Divided into three parts, the

bildungsroman

follows Lizzie from her teenage years in a Catholic boarding school to a summer in Paris as an au pair, to her first year of freedom as an adult in Dublin. With its

roman-a-clef

leanings, brutally honest insights, and squirm-inducing scenes, there are strong echoes of Edna O’Brien in the book. But there are also parallels with a recently published Irish debut, Louise O’Neill’s

Only Ever Yours

, highlighting that Sweetman’s themes are as relevant today as they were 40 years ago.

As Lizzie undergoes lessons in the “School of Charm” in Dublin to learn how to improve herself and become a model, the dystopian horrors of O’Neill’s school for perfect doll-women come to mind. Ordered to lose a stone, Lizzie comes back a week later for her group assessment: “Giggling we stripped and scrubbed and lined up. We smiled at each other and sized each other up . . . We pouted out from the celluloid scrapbook, asking to be bought.”

This process of objectification begins long before the doe-eyed Lizzie lands in Dublin. At boarding school, the nuns give advice on how to be a “Nice Girl” who will snare a good husband. The advice changes in the modelling world, but the goal remains the same. As the title reminds the reader, what men want takes precedence.

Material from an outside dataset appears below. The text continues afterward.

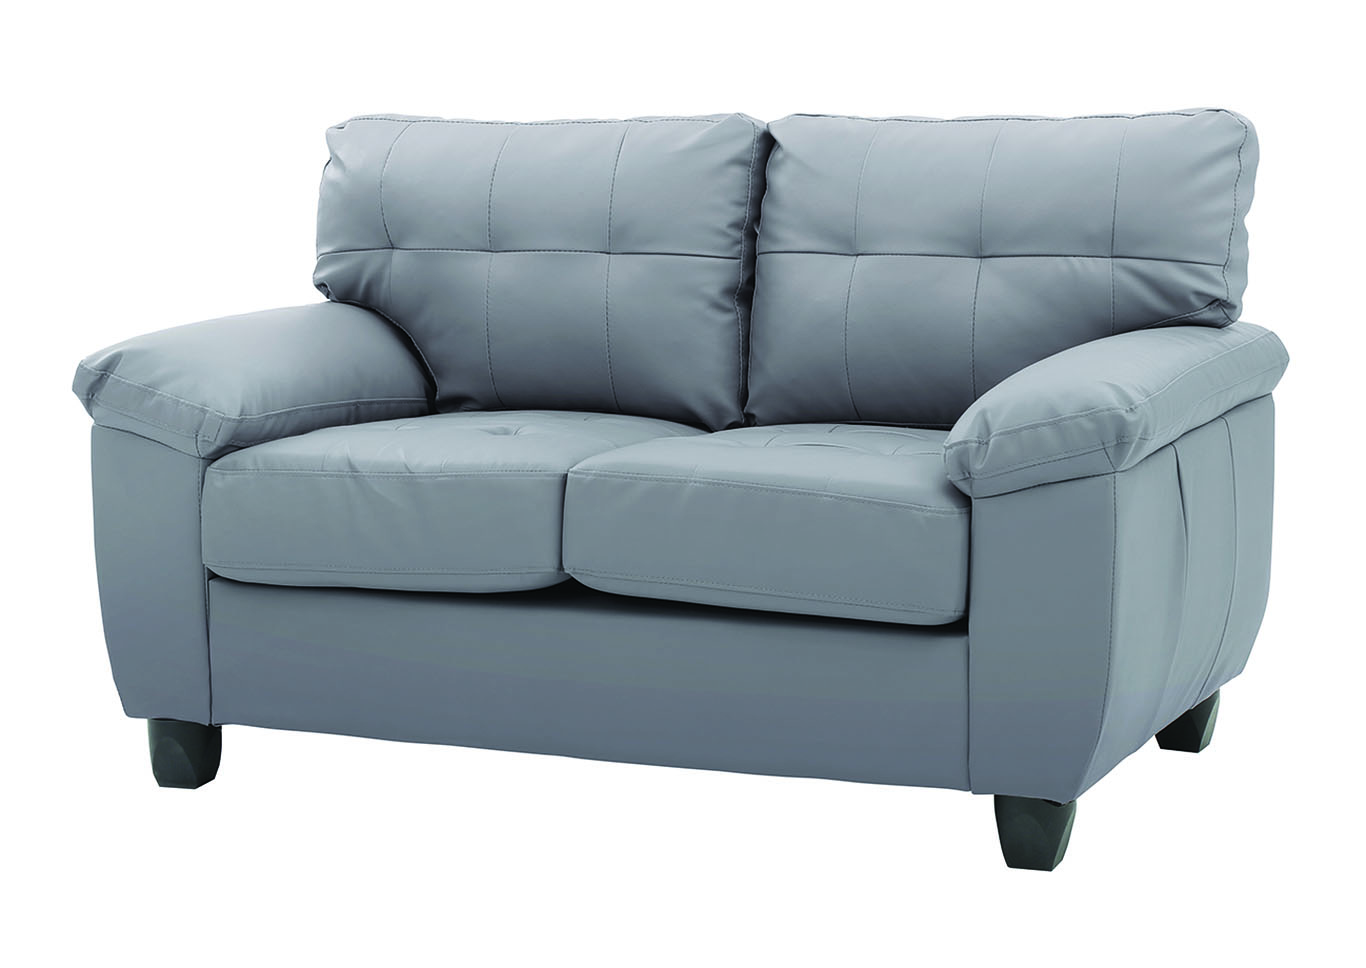 Gray Faux Leather Loveseat,Glory Furniture

Lizzie’s relationships give a loose linear structure to the book: an admired but distant father; her boarding school penpal Jack; a pushy Protestant neighbour who gets his comeuppance when he tries it on; the opportunistic Frenchman Henri; the “tally ho” college boyfriend Iain; the rich and pathetic businessman David, who wines and dines Lizzie in Dublin in return for sex. Although “the rules favoured men”, there is the sense throughout these relationships that Lizzie, not particularly enamoured with any of them, retains control.

The power shifts when she meets television producer Colin. Charming, intelligent and great fun, Colin becomes all-important to Lizzie and she quickly loses her independence by moving into his flat near Dollymount Strand after a whirlwind romance: “I wanted to say ‘Take me and keep and let me live with you and in you and . . .’”

Aching to be approved of, she ignores Colin’s controlling nature and issues with women. The swinging seventies gets another look-in with Colin’s free-love attitude, but we are firmly back in Ireland when we realise it does not extend to his woman.

Men hold the power and women hold the shame: “Does everyone feel this sense of having committed a crime? Not all the time, but having sometimes a very strong sense of guilt, an awareness of at some stage being, perhaps billions of years ago, party to something horrible. It remains as a little deformity inside you.”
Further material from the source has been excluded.